TikTok: Virtue of Gen Z, vice of the Trump Administration, and newly declared educational platform. How effectively can an app, notorious for its mindless dance videos, be used for valuable learning experiences?
A glance at TikTok’s website reveals the app’s self-declared mission: “To inspire creativity and bring joy.” However, since the unfolding of the covid-19 pandemic, which has left countless students learning from their living rooms instead of classrooms, TikTok has taken on a different task: Bringing education into students’ (and everyone else’s) homes. With the hashtag #LearnOnTikTok, the app has launched a range of funded educational content, produced by individuals and organisations who have been affected by the pandemic. The long-term goal is to establish a wide base of educators that will permanently make TikTok into a more serious educational portal.
Fair enough, TikTok is hopping on the education bandwagon, but how effective can learning through max-60-second videos actually be? And how likely are learning videos to succeed on TikTok?

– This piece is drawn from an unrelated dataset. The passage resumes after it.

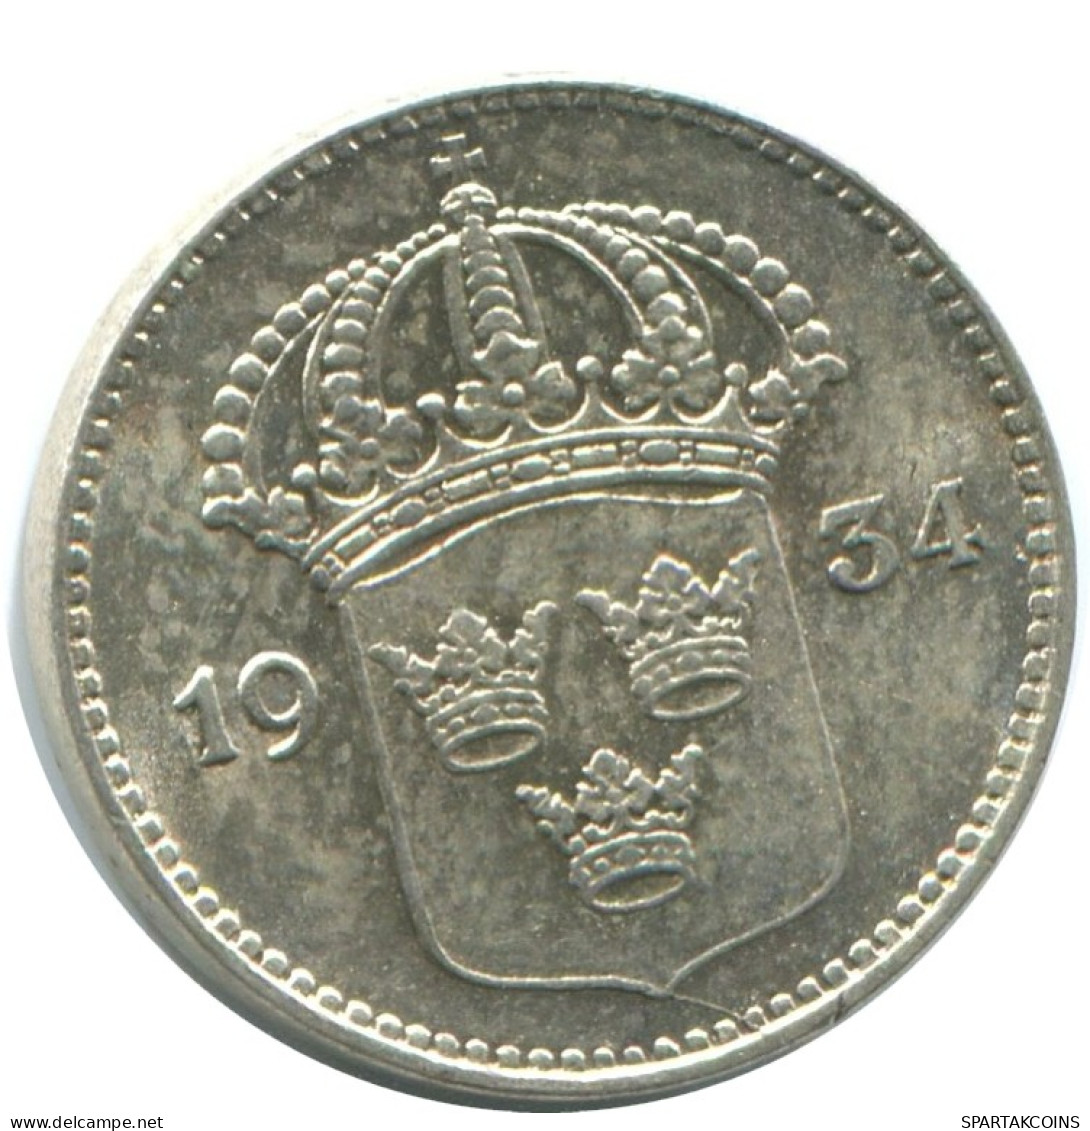 10 ORE 1934 SWEDEN SILVER Coin #AD089.2.U.A - Schweden

The concept of microlearning, that is learning by consuming little snippets of knowledge on a regular basis, is no groundbreaking invention by TikTok. In fact, regular input and revision of particular concepts has been understood to be key to increased knowledge retention since the late 19th century. German psychologist Hermann Ebbinghaus determined that, without regular input, over 75% of the newly learned content is forgotten after a week.
But even though regular input is essential for actually remembering previously learned content, it does not replace said previous learning. Formal learning settings allow for exploring topics extensively and provide learners with valuably in-depth knowledge that simply cannot be conferred in a short video. The same applies to corporate learning: Anyone who is familiar with the 70:20:10 model knows that although only 10% of knowledge is acquired in formal settings, those 10% make for an essential knowledge base. Once this basis is there, a majority of learning takes place in the everyday setting of the workplace. Just like FlowShare doesn’t replace software user manuals, TikTok doesn’t replace textbooks. Neither are the proper format for an all-inclusive learning experience. But both, if used appropriately, provide a very valuable addition to the learning process, through digestible nuggets of knowledge.
The Future of Learning on TikTok
Ultimately, whether #LearnOnTikTok becomes the (micro)learning platform that it intends to, depends on those that make use of it: If TikTok’s powerful algorithm learns from its users that they prefer educational content, then they will receive something to learn in return. But in that regard, TikTok doesn’t differ much from other social media platforms. Based on user interaction, such as likes, shares, and comments, the platform’s AI-powered algorithm can derive basic interests and make recommendations accordingly. TikTok’s unique selling point lies elsewhere: Recommendations of videos depend neither on the number of followers the video’s creator has, nor on the success of previous videos.
This means that virtually any video can go viral, depending on nothing but its content combined with other users’ interests. What are good news for aspiring TikTok celebrities, are even better news––at least in the light of this post’s topic––for educational content creators: An explanation of Pythagoras’ theorem is just as likely to go viral as the next big TikTok dance.